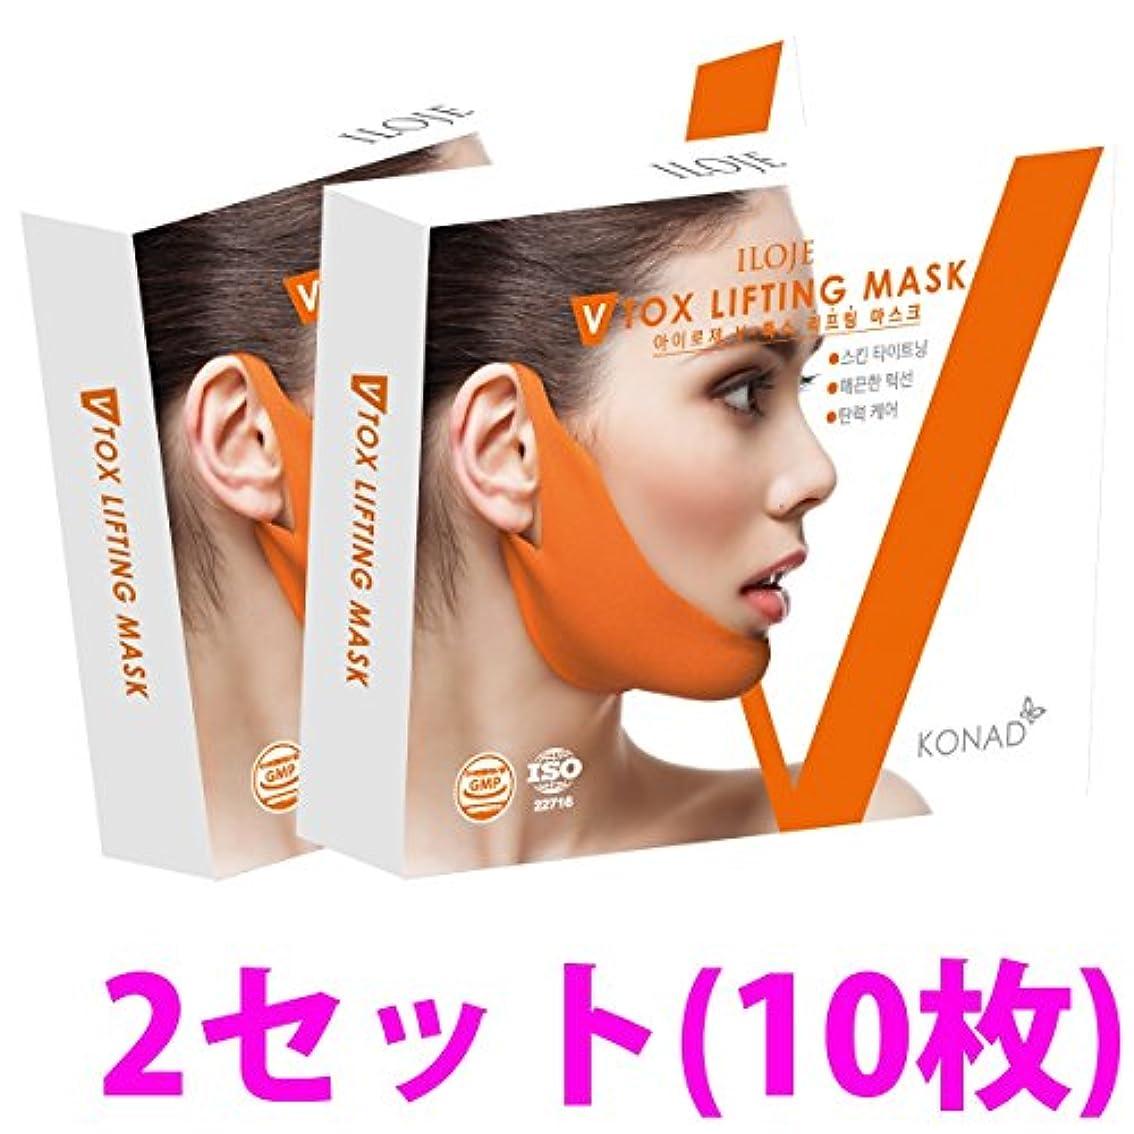 軽くプロポーショナルグレートオーク女性の年齢は顎の輪郭で決まる!V-TOXリフティングマスクパック 2セット(10枚)
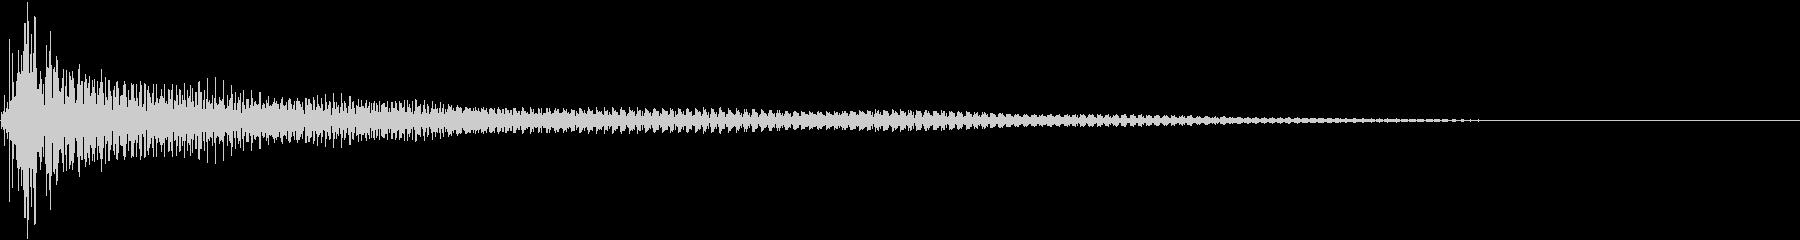 アコースティックギターの音3の未再生の波形
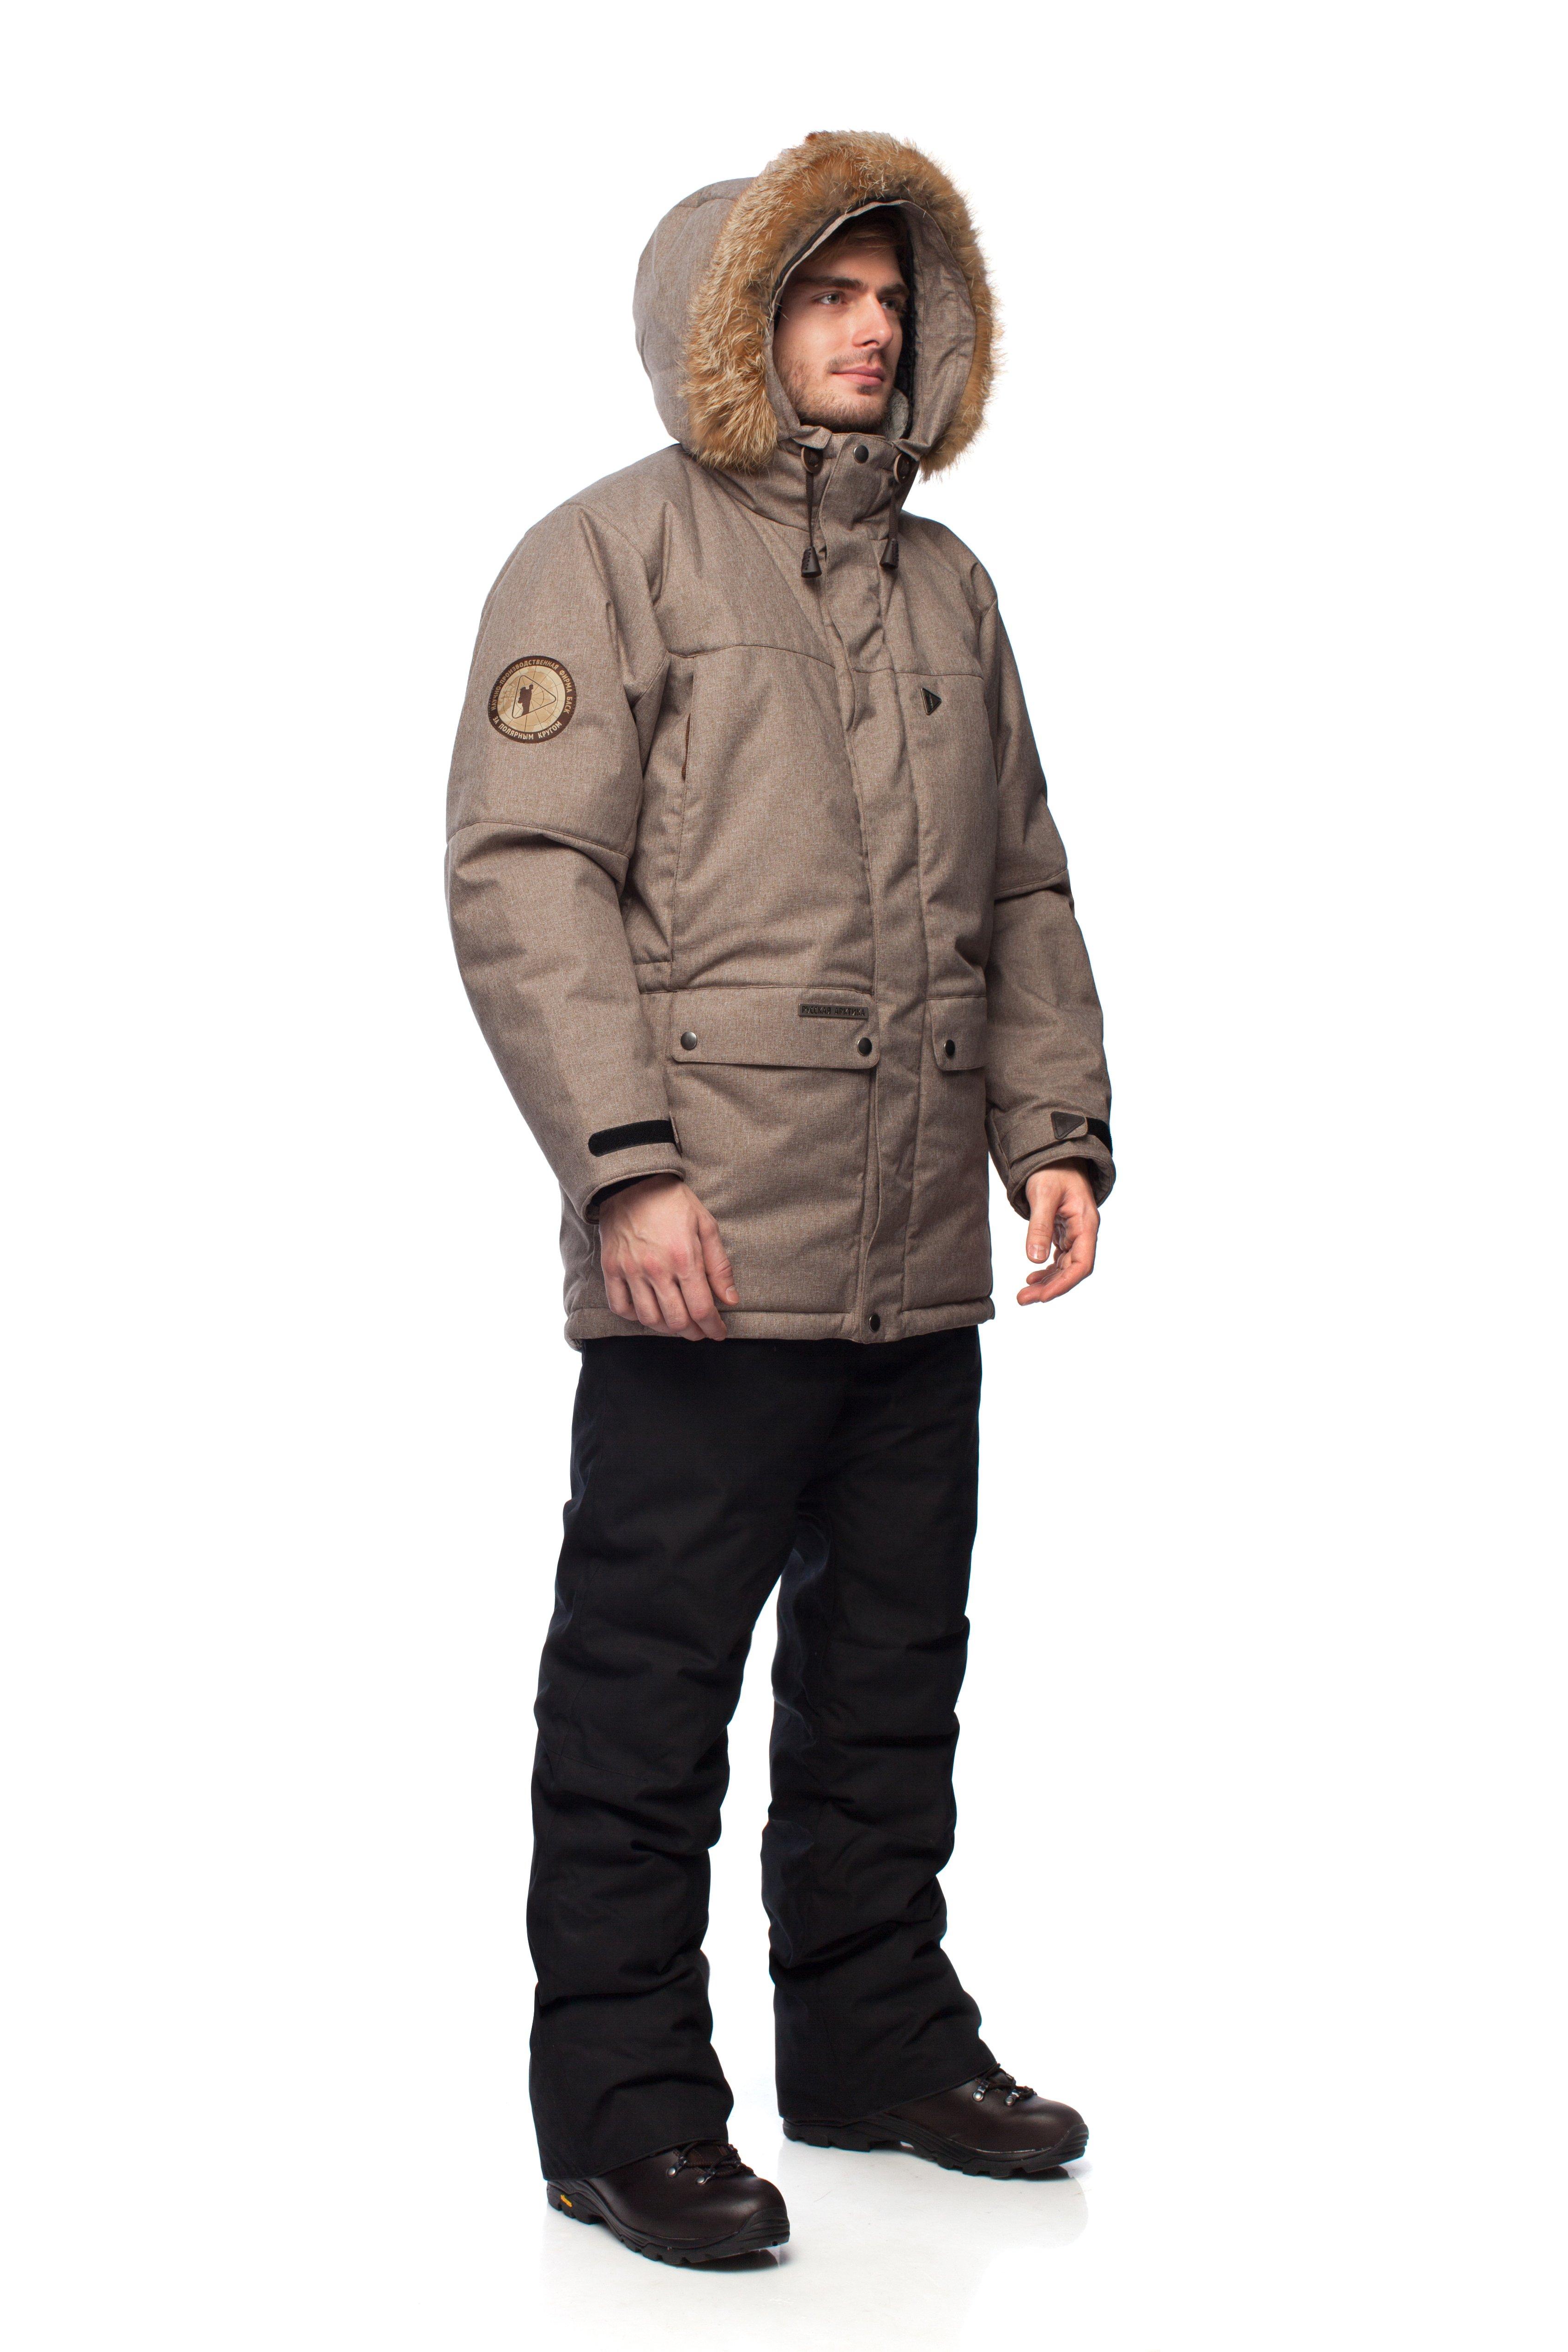 Куртка BASK SHL ARADAN 3802Удлиненная мужская зимняя куртка-парка BASK ARADAN с мембранной тканью и температурным режимом -25 &amp;deg;С.<br><br>Верхняя ткань: Advance® Alaska Soft Melange<br>Вес граммы: 1680<br>Ветро-влагозащитные свойства верхней ткани: Да<br>Ветрозащитная планка: Да<br>Ветрозащитная юбка: Нет<br>Влагозащитные молнии: Нет<br>Внутренние манжеты: Нет<br>Внутренняя ткань: Advance® Classic<br>Водонепроницаемость: 10000<br>Дублирующий центральную молнию клапан: Нет<br>Защитный козырёк капюшона: Нет<br>Капюшон: несъемный<br>Карман для средств связи: Да<br>Количество внешних карманов: 5<br>Количество внутренних карманов: 2<br>Объемный крой локтевой зоны: Да<br>Отстёгивающиеся рукава: Нет<br>Паропроницаемость: 5000<br>Пол: Мужской<br>Проклейка швов: Нет<br>Регулировка манжетов рукавов: Да<br>Регулировка низа: Да<br>Регулировка объёма капюшона: Да<br>Регулировка талии: Нет<br>Регулируемые вентиляционные отверстия: Нет<br>Световозвращающая лента: Нет<br>Температурный режим: -25<br>Технология Thermal Welding: Нет<br>Тип молнии: двухзамковая влагостойкая<br>Тип утеплителя: синтетический<br>Усиление контактных зон: Нет<br>Утеплитель: Shelter®Sport<br>Размер RU: 54<br>Цвет: СЕРЫЙ
○ ○ ○ ○
> _Action item_
The material above must be reproduced line for line, with the images omitted.

> _Output of the task_
 軽くプロポーショナルグレートオーク女性の年齢は顎の輪郭で決まる!V-TOXリフティングマスクパック 2セット(10枚)
 アコースティックギターの音3の未再生の波形
 Куртка BASK SHL ARADAN 3802Удлиненная мужская зимняя куртка-парка BASK ARADAN с мембранной тканью и температурным режимом -25 &amp;deg;С.<br><br>Верхняя ткань: Advance® Alaska Soft Melange<br>Вес граммы: 1680<br>Ветро-влагозащитные свойства верхней ткани: Да<br>Ветрозащитная планка: Да<br>Ветрозащитная юбка: Нет<br>Влагозащитные молнии: Нет<br>Внутренние манжеты: Нет<br>Внутренняя ткань: Advance® Classic<br>Водонепроницаемость: 10000<br>Дублирующий центральную молнию клапан: Нет<br>Защитный козырёк капюшона: Нет<br>Капюшон: несъемный<br>Карман для средств связи: Да<br>Количество внешних карманов: 5<br>Количество внутренних карманов: 2<br>Объемный крой локтевой зоны: Да<br>Отстёгивающиеся рукава: Нет<br>Паропроницаемость: 5000<br>Пол: Мужской<br>Проклейка швов: Нет<br>Регулировка манжетов рукавов: Да<br>Регулировка низа: Да<br>Регулировка объёма капюшона: Да<br>Регулировка талии: Нет<br>Регулируемые вентиляционные отверстия: Нет<br>Световозвращающая лента: Нет<br>Температурный режим: -25<br>Технология Thermal Welding: Нет<br>Тип молнии: двухзамковая влагостойкая<br>Тип утеплителя: синтетический<br>Усиление контактных зон: Нет<br>Утеплитель: Shelter®Sport<br>Размер RU: 54<br>Цвет: СЕРЫЙ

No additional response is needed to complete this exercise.